** Opening Collected material block **

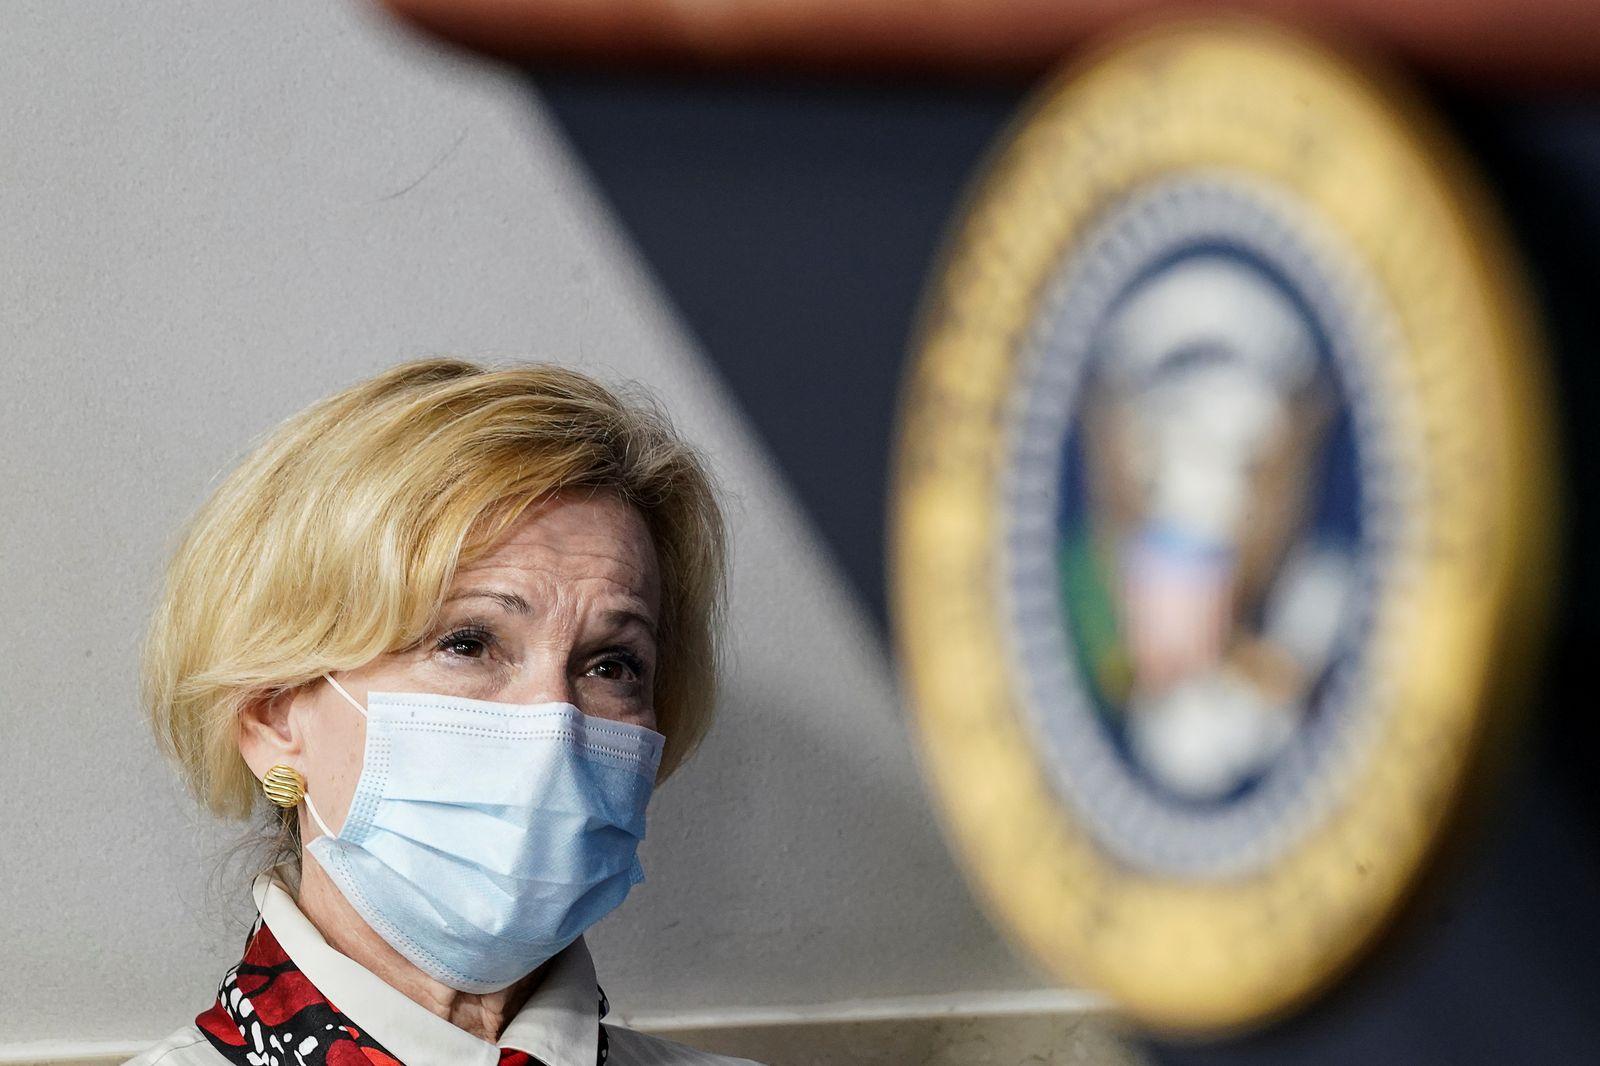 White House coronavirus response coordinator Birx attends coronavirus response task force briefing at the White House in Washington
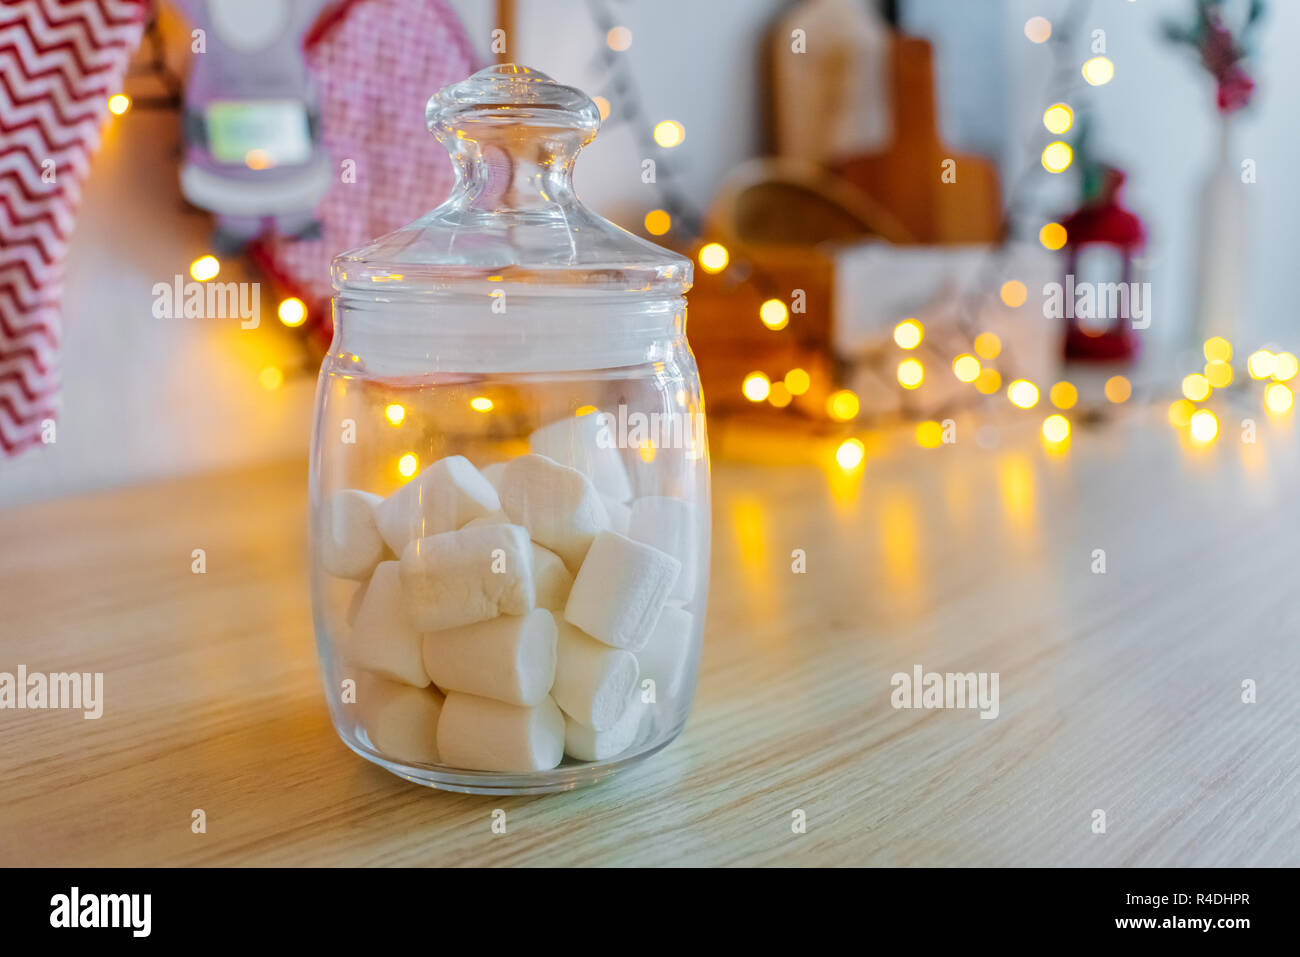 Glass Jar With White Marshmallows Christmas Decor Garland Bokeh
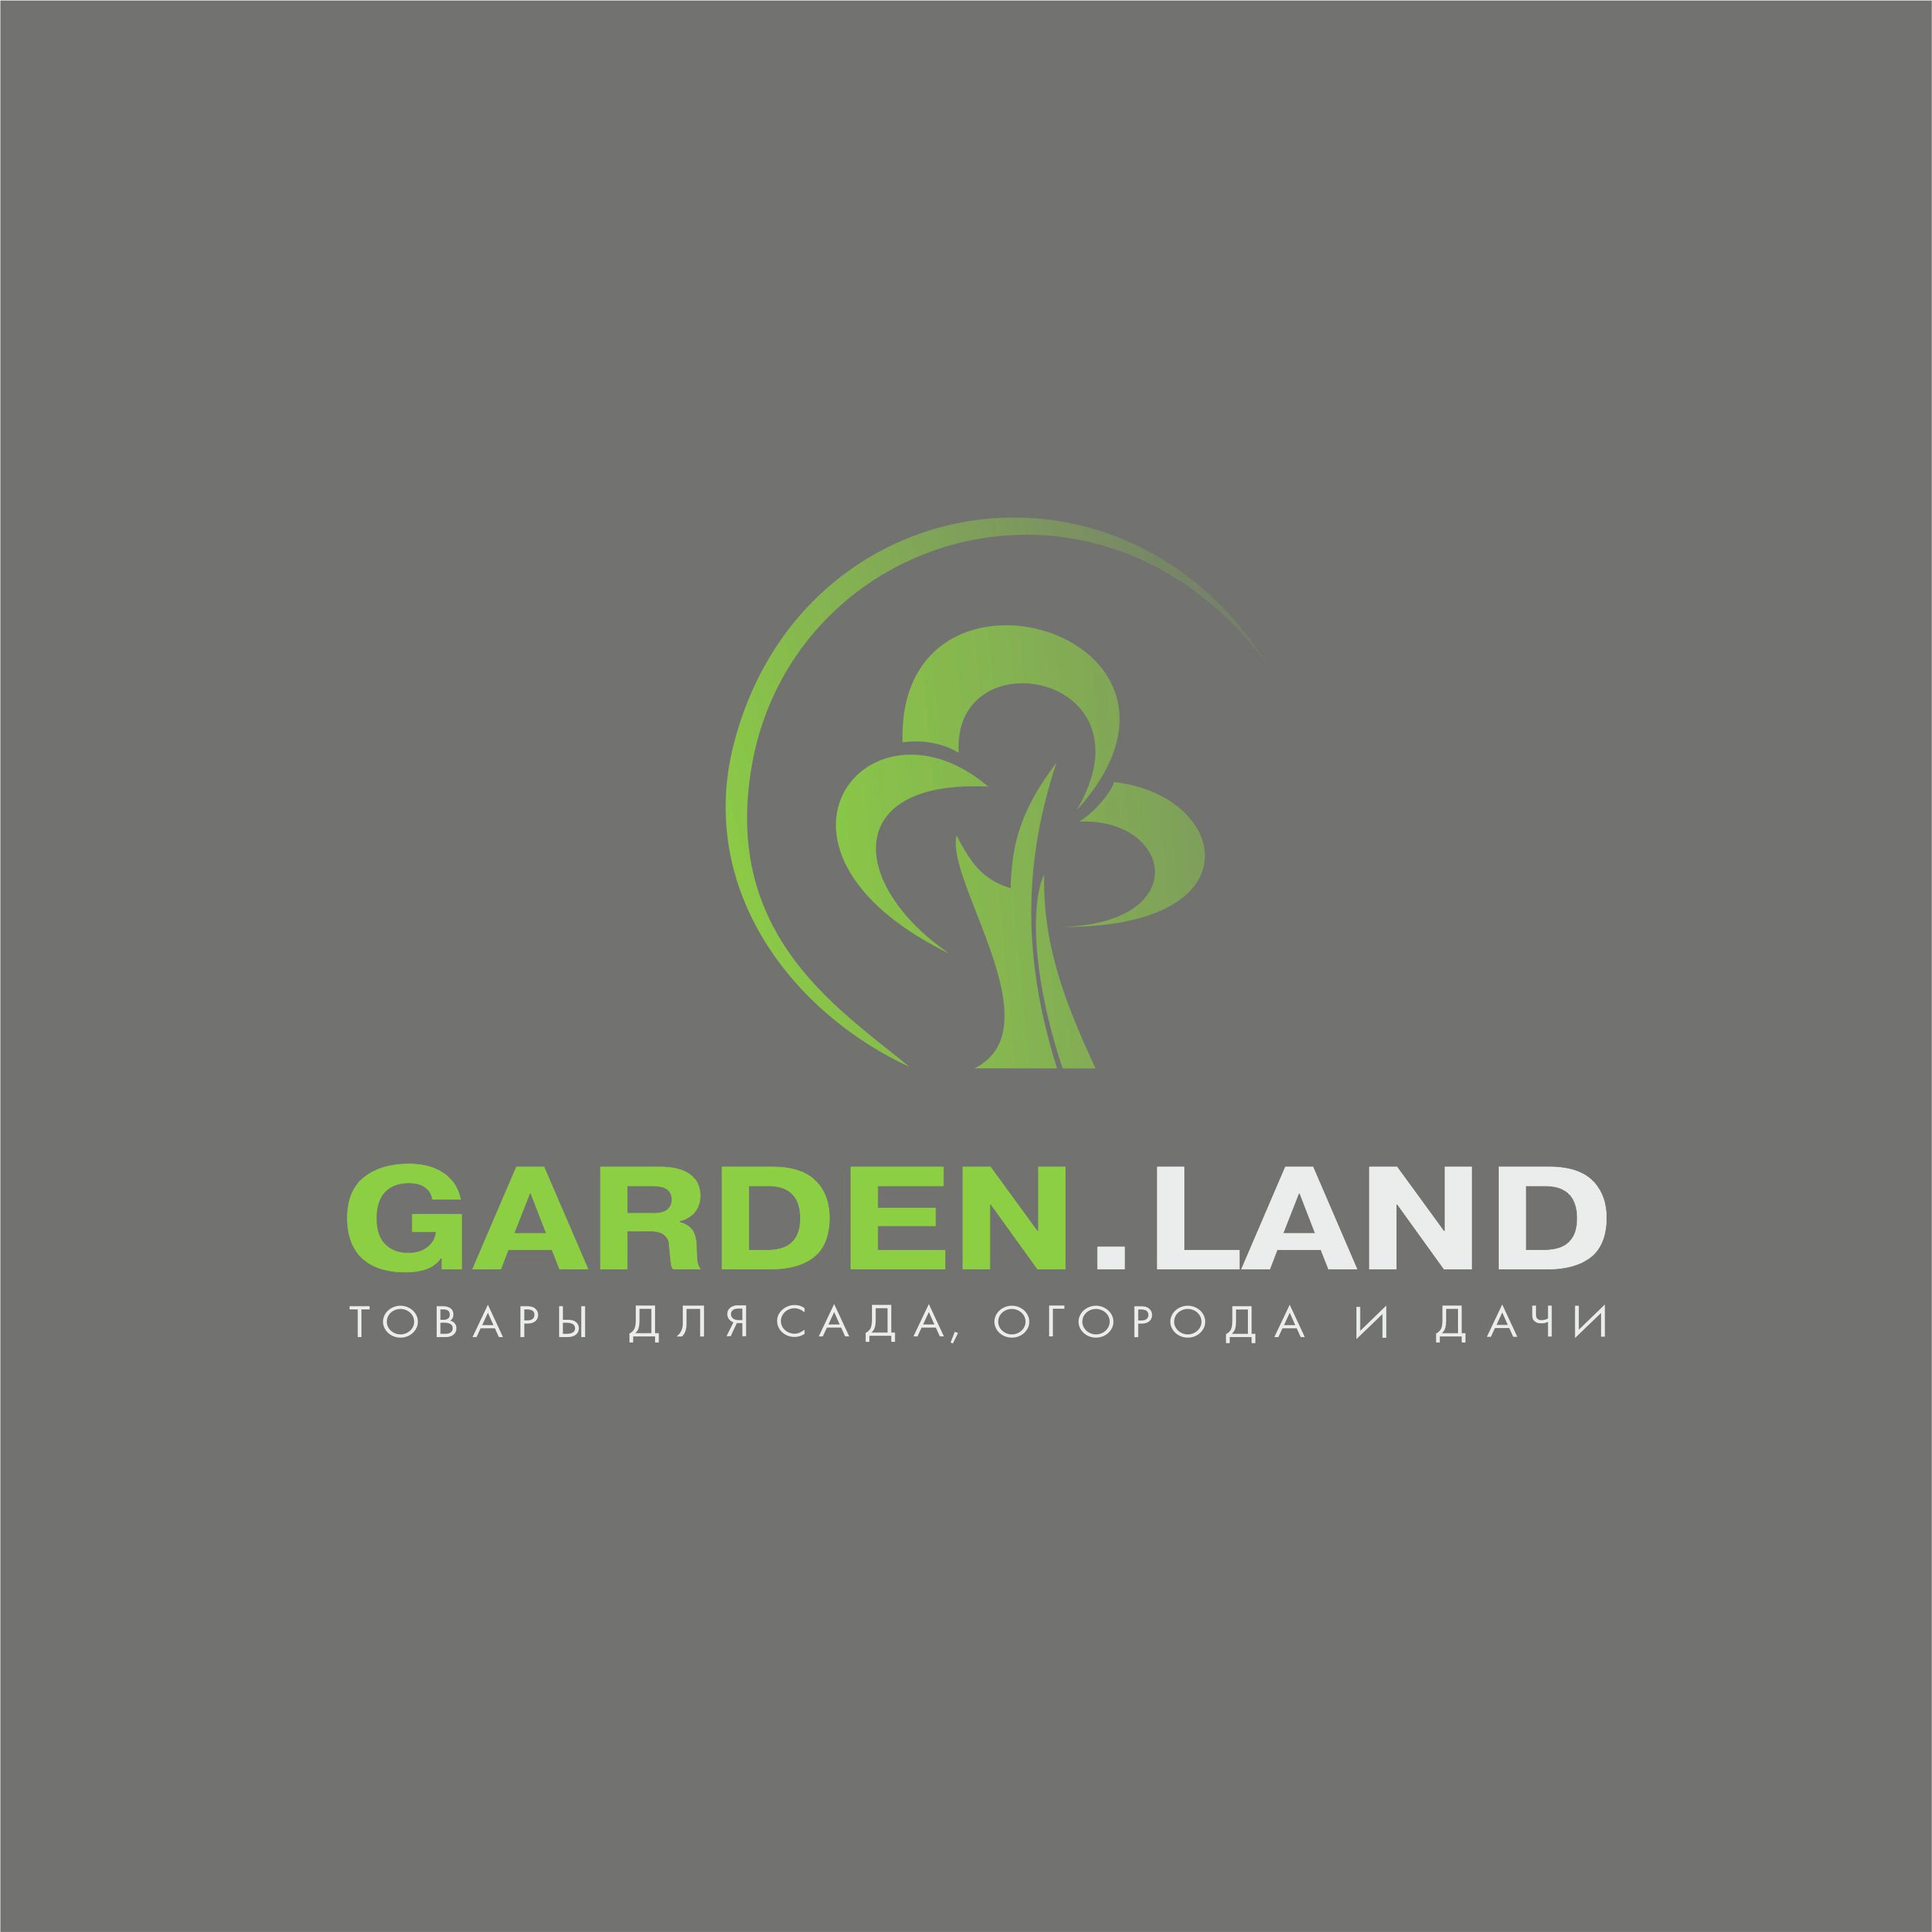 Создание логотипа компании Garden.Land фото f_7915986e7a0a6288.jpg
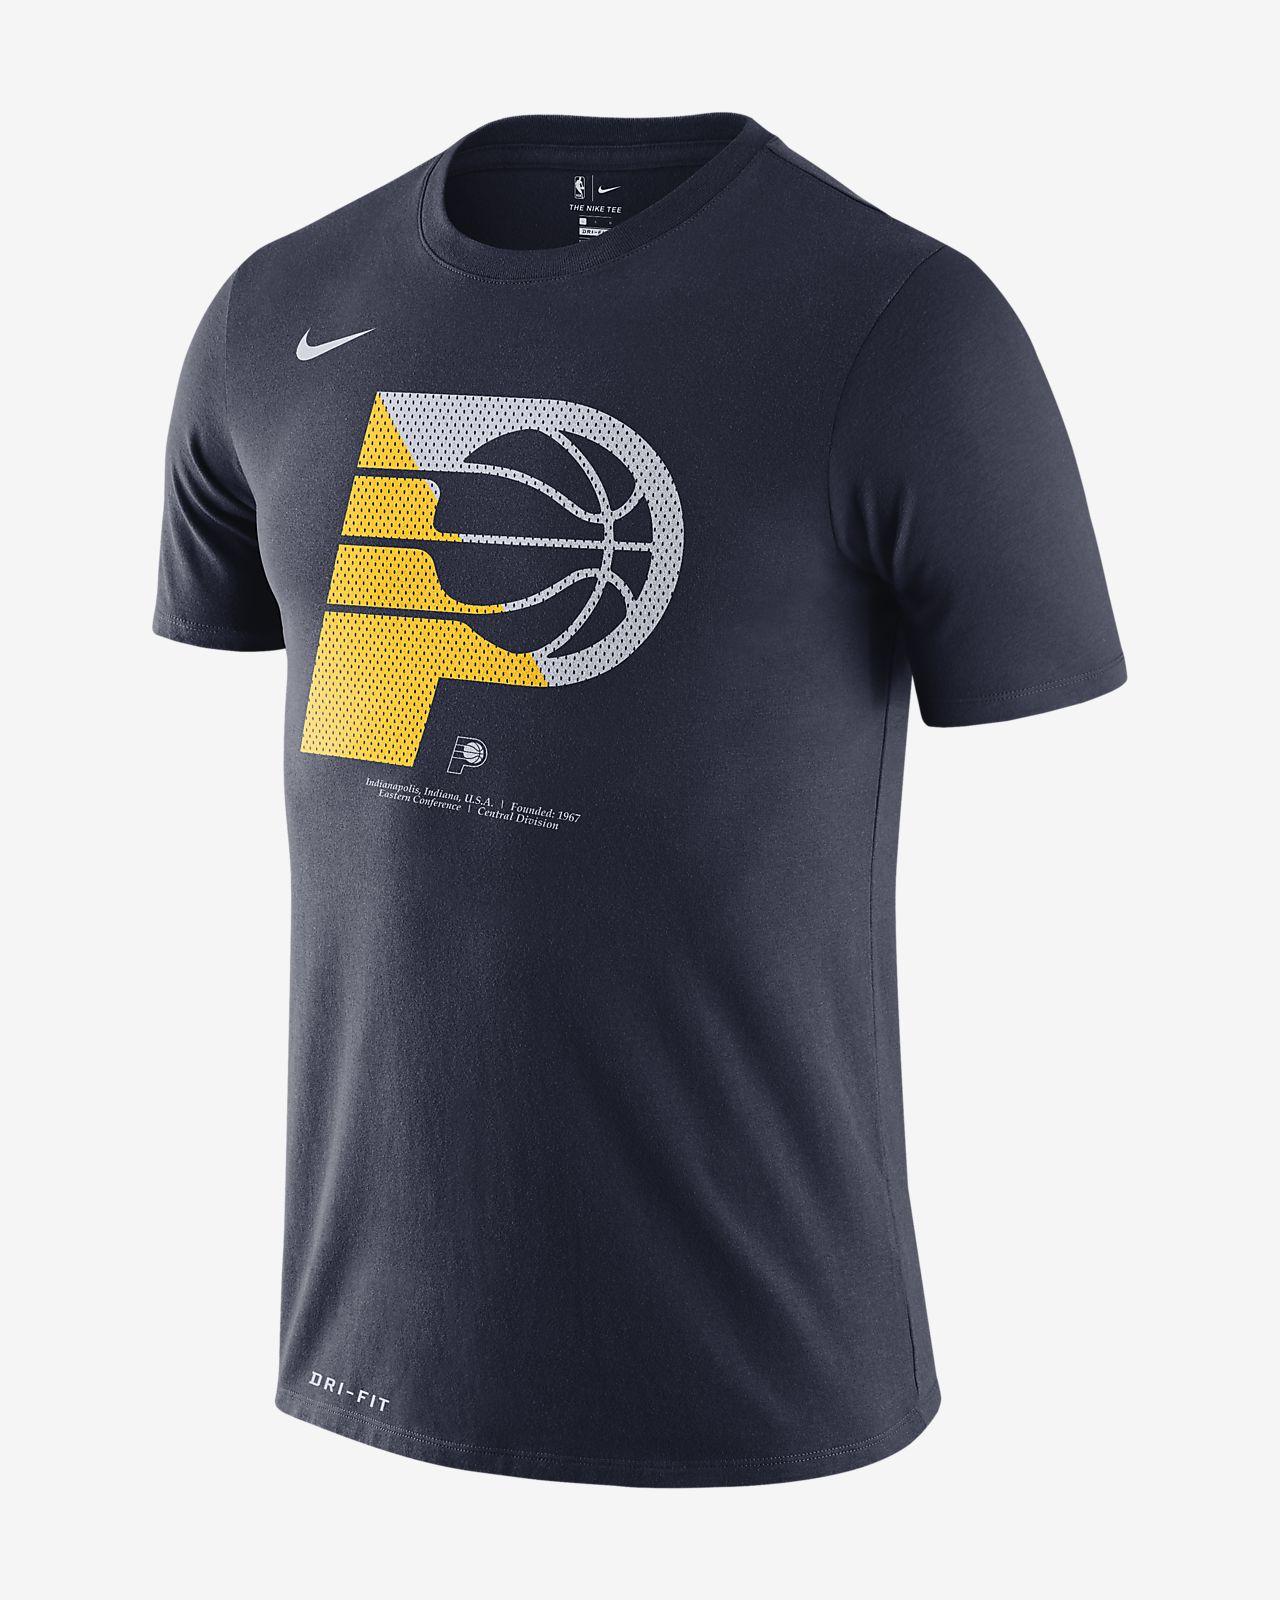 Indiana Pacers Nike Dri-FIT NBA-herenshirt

** Closing Collected material block **

Exercise:
What you give back should be exactly the lines from the line holding "Создание логотипа компании" through the final line of the material, both ends included, and please leave out the pictures.

Solved exercise:
 Создание логотипа компании Garden.Land фото f_7915986e7a0a6288.jpg
 Indiana Pacers Nike Dri-FIT NBA-herenshirt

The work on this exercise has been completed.